# My CS 1.6 error



## Camper_x45 (Oct 5, 2007)

Hi, I just made this thread to see if anyone could help me with this...

when ever I try to connect to a server or create a server on Counter-Strike 1.6, it comes up with an error message saying "You have been disconnected from the server. Reason: Bad file Server is enforcing file consistency for models/p_knife.mdl".
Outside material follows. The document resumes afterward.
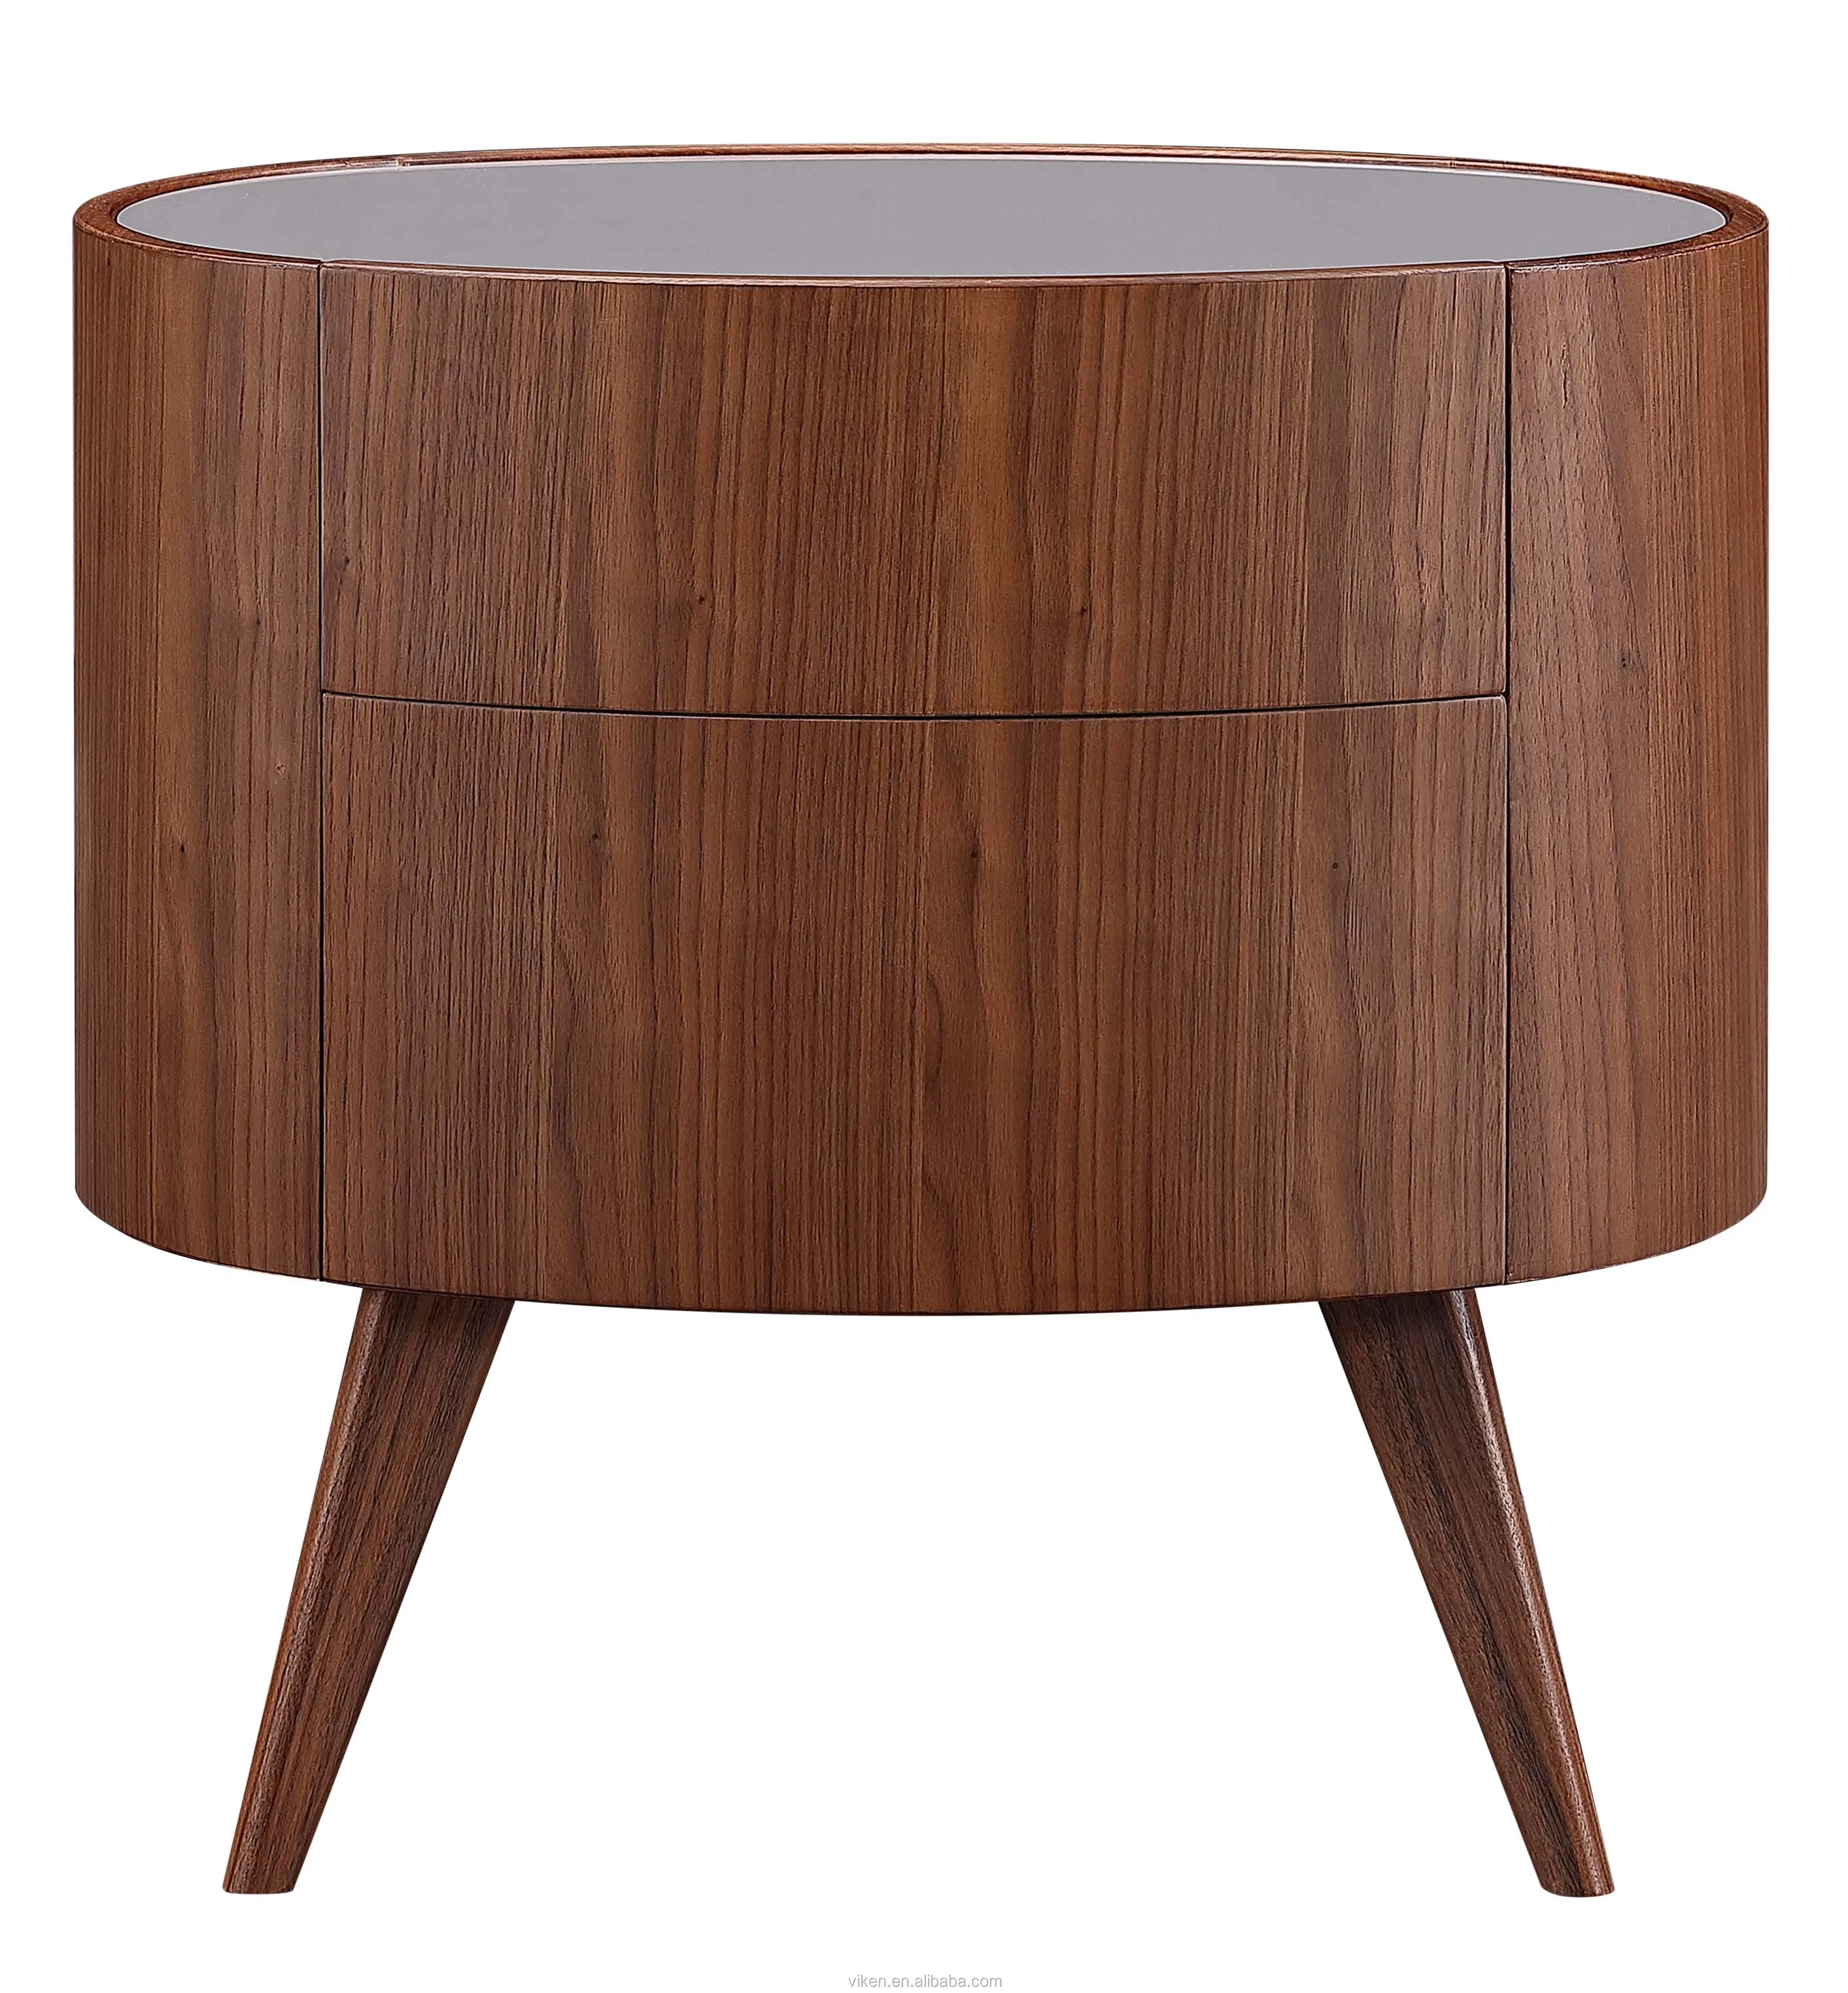 Bedroom Furniture Round Bedside Table For Home Modern Design Glass Top

Would you have any idea how I can fix this problem?


----------



## Bellator (Aug 23, 2007)

Hi
I saw someone that had the same problem on a norwegian forum gaming-forum:
http://www.catchgamer.no/?module=forum&f=thread&threadId=18047&page=1

Have you installed any custom skins? This may be the problem. Try to backup the "p_knife"-file (just to be safe) , and then delete it from the "models"-folder. This should fix the problem


----------



## Camper_x45 (Oct 5, 2007)

Yahoooooooooooooooo!!!!!!!!!!!!!!!!!!!!!!!!!!!!!! I Can't Believe This Works!!!!!!!!!!!!!!!!!!!!!!!!!! Thanks So Much!!!!!!!


----------



## Bellator (Aug 23, 2007)

Happy to help out a fellow gamer


----------